Man the mystic, in a nutshell is, “to be in the world, but not of it,” that is free from greed, intellectual pride, blind obedience to custom or religious traits, or awe of persons higher in rank. The mystics respect the rituals of their religion insofar as these further social harmony, but broaden religion’s doctrinal basis wherever possible and define its myths in a higher sense—for instance, explaining angels as representing man’s higher faculties and moral virtues. The earliest known theory of conscious evolution is of mystical origin based on metaphysics which applies to the individual as well as to the human race. The evolutionary theory of modern age is based on physics and natural science. But both seek the “self-existing essence” from the most fundamental meta-laws of physics to diverse kinds of consciousness, one of which could be God or a new scientific revelation.

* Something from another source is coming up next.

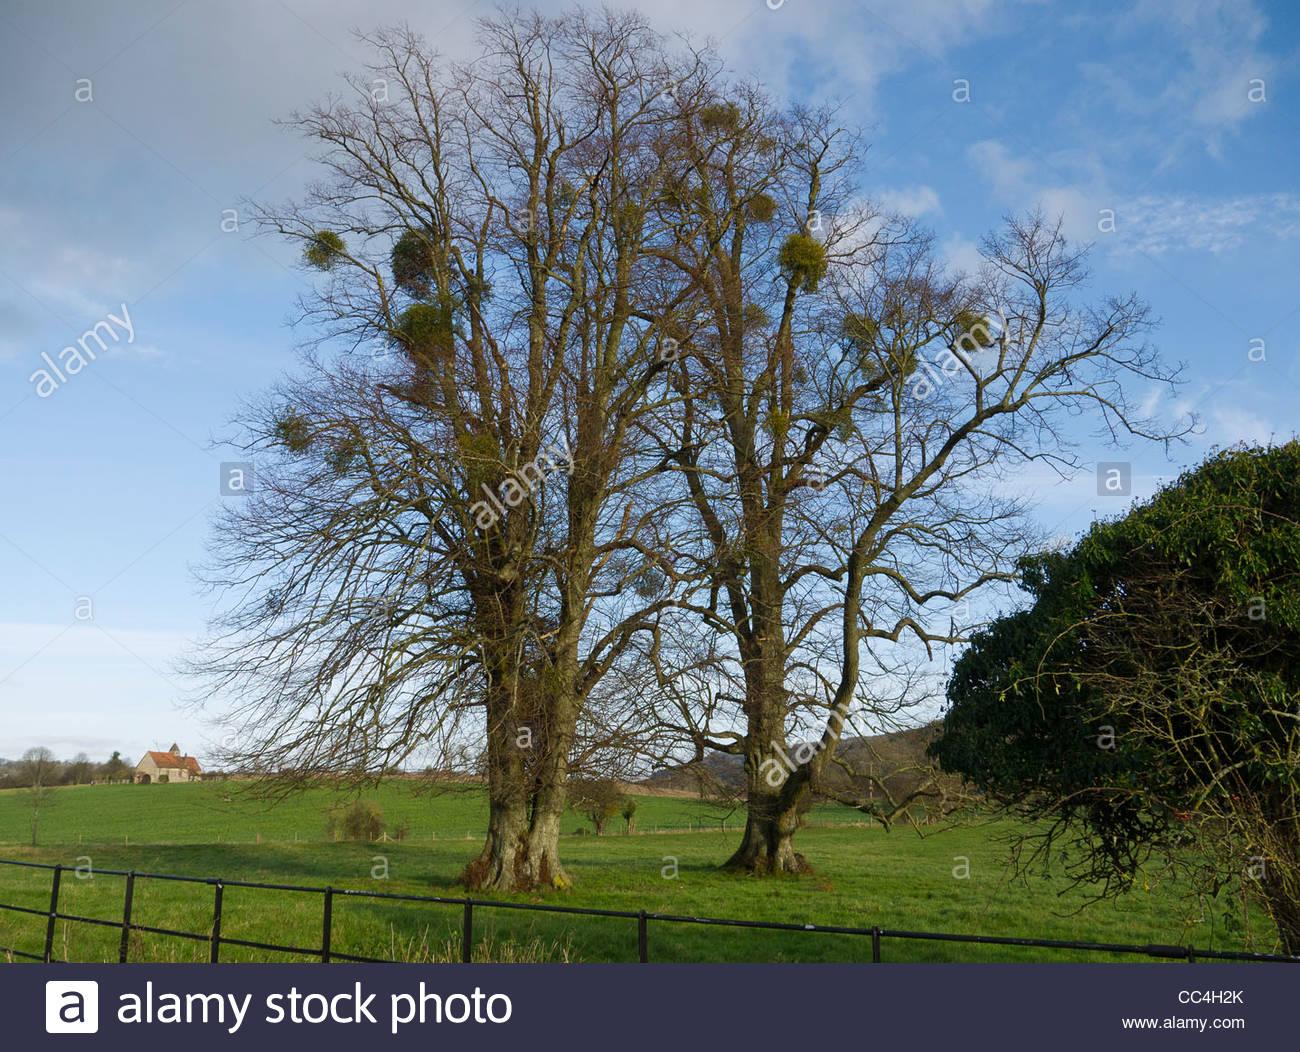 European mistletoe attached to Host Tree Full Length Landscape - Stock Image

Mysticism is at the heart of intimate relationships. Being human is an accomplishment which needs practice. Relationships with other people forms the spiritual web of our lives with crucial strands being, marriages, partnerships, family, and friends. For example, marriage is not just a bond of two physical bodies, it is like plunging into one another’s soul. According to many religious traditions, our deepest values are expressed through these essential bonds. In moral code of Confucianism, the health of the society derives from the maintenance of proper relationship with family, friends, and the community. Sacramental theory recognizes that relationships are reminders and reflections of man’s spiritual relationship with other beings. Panentheism emphasizes the relational nature of cosmos. Divinization assumes that we see the divine in each other. Non-theistic or scientific approach of inter-being is based on the fundamental assertion that everything is connected to everything else through a chain of attraction and gravity, which in philosophical term is the passion of “love.” Thus, we can say, The Whole Universe is Woven Together by a Mystical Relationship.